◆ **Your objective**: Print a faithful copy of the data below, word for word, with the pictures left out.

◆ **Recorded information**:
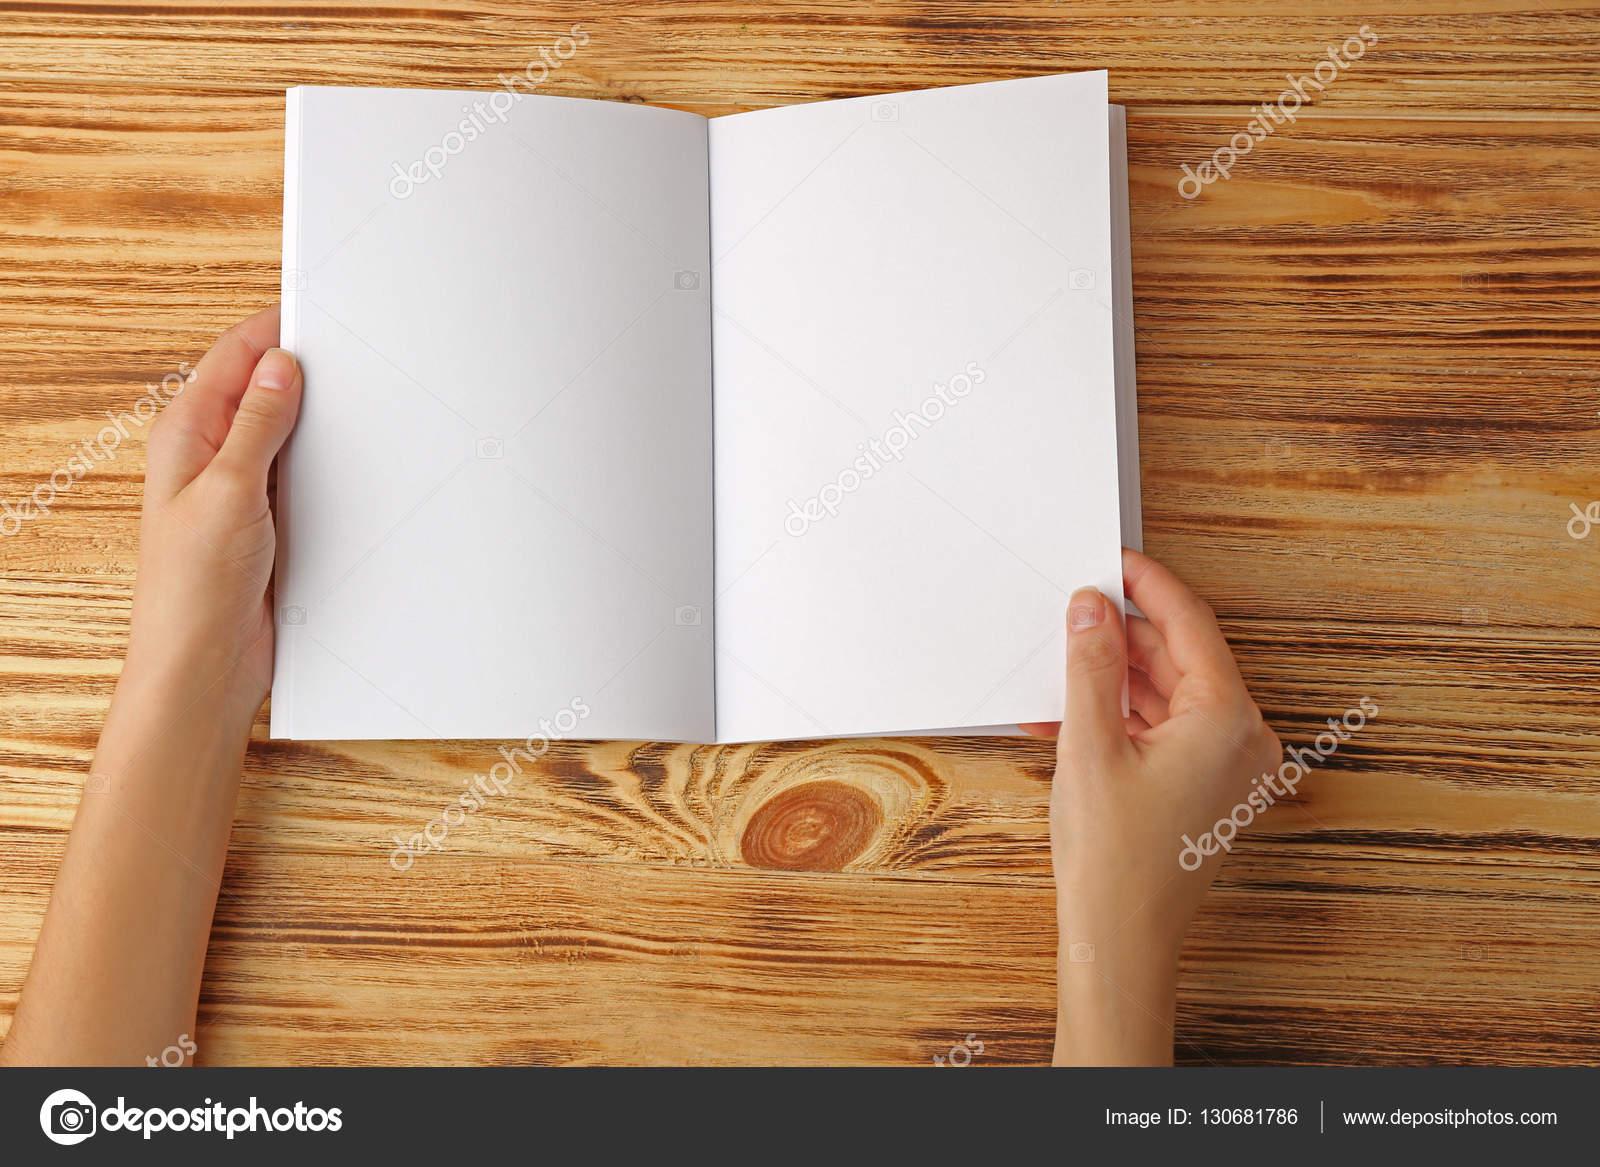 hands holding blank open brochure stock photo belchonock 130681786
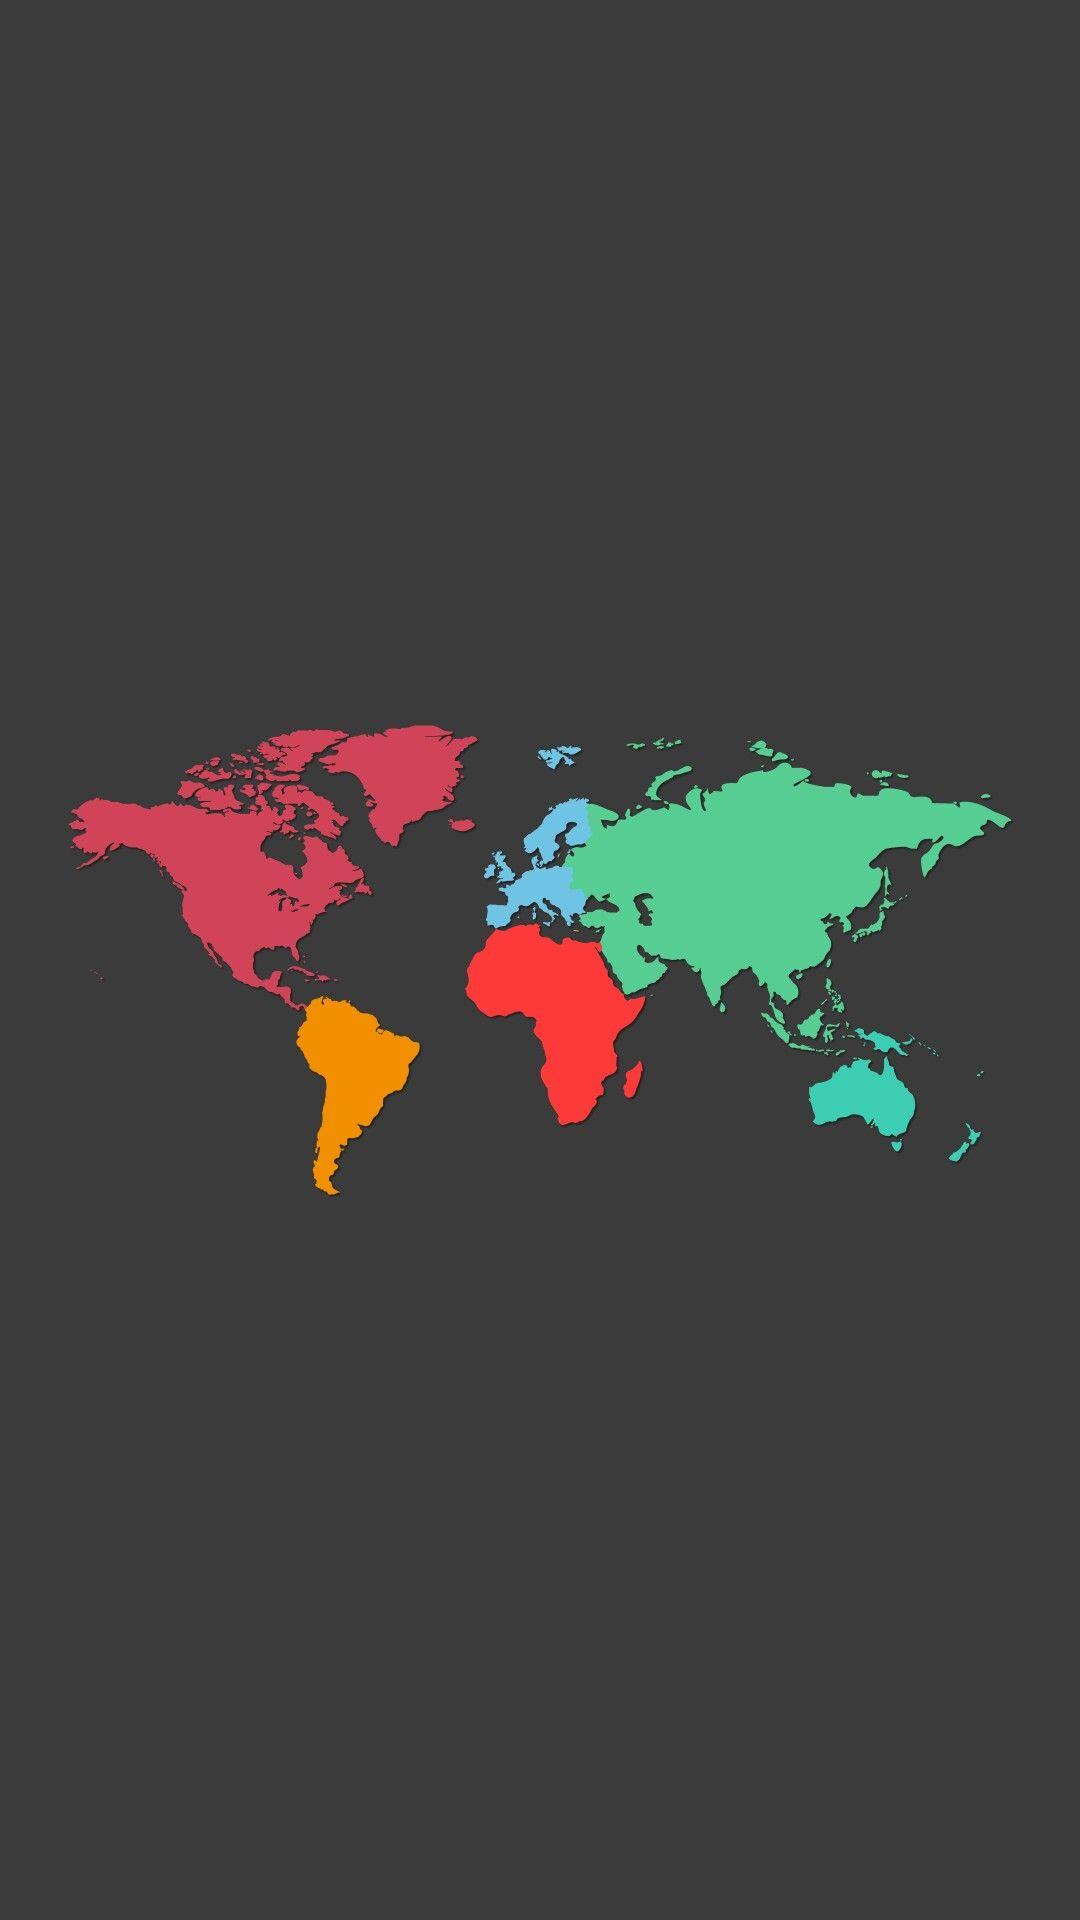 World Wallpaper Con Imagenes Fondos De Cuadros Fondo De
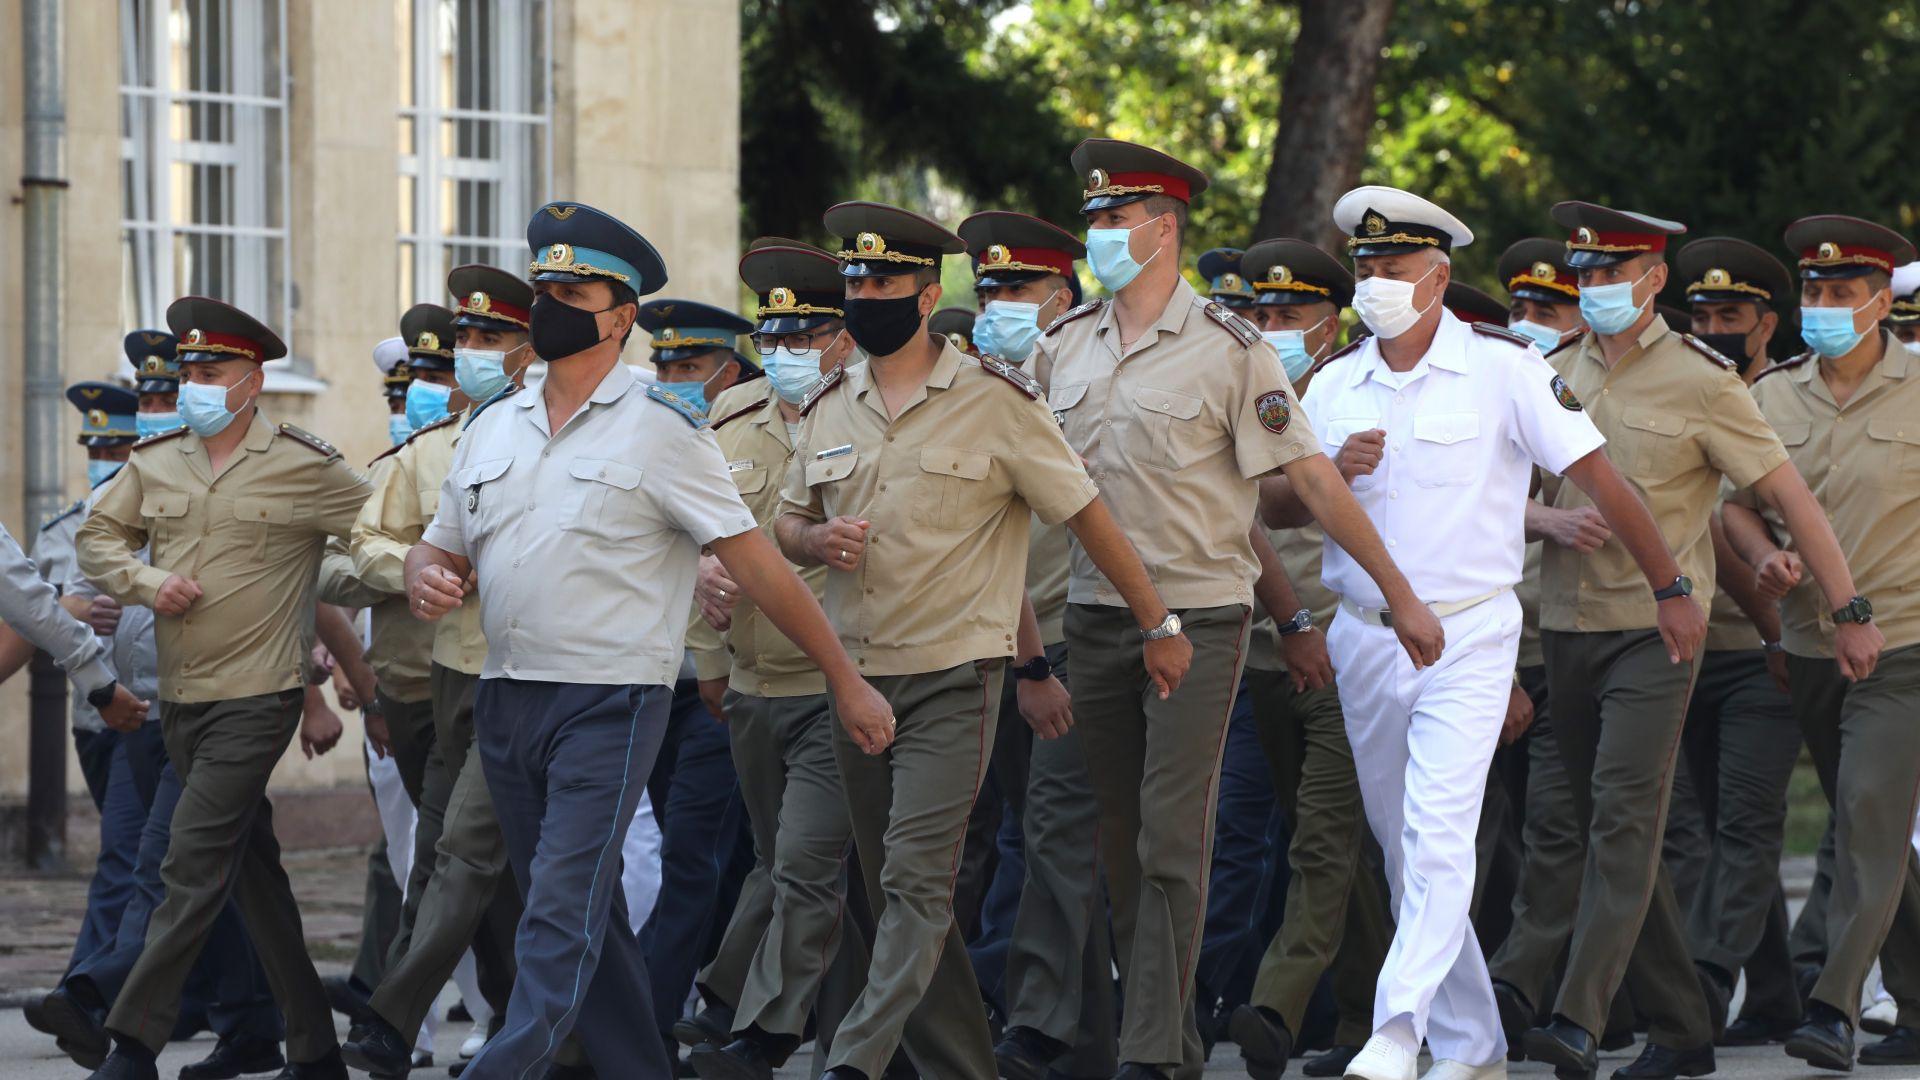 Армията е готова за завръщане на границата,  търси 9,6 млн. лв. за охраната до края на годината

◆ **Your response**:
 hands holding blank open brochure stock photo belchonock 130681786
 World Wallpaper Con Imagenes Fondos De Cuadros Fondo De
 Армията е готова за завръщане на границата,  търси 9,6 млн. лв. за охраната до края на годината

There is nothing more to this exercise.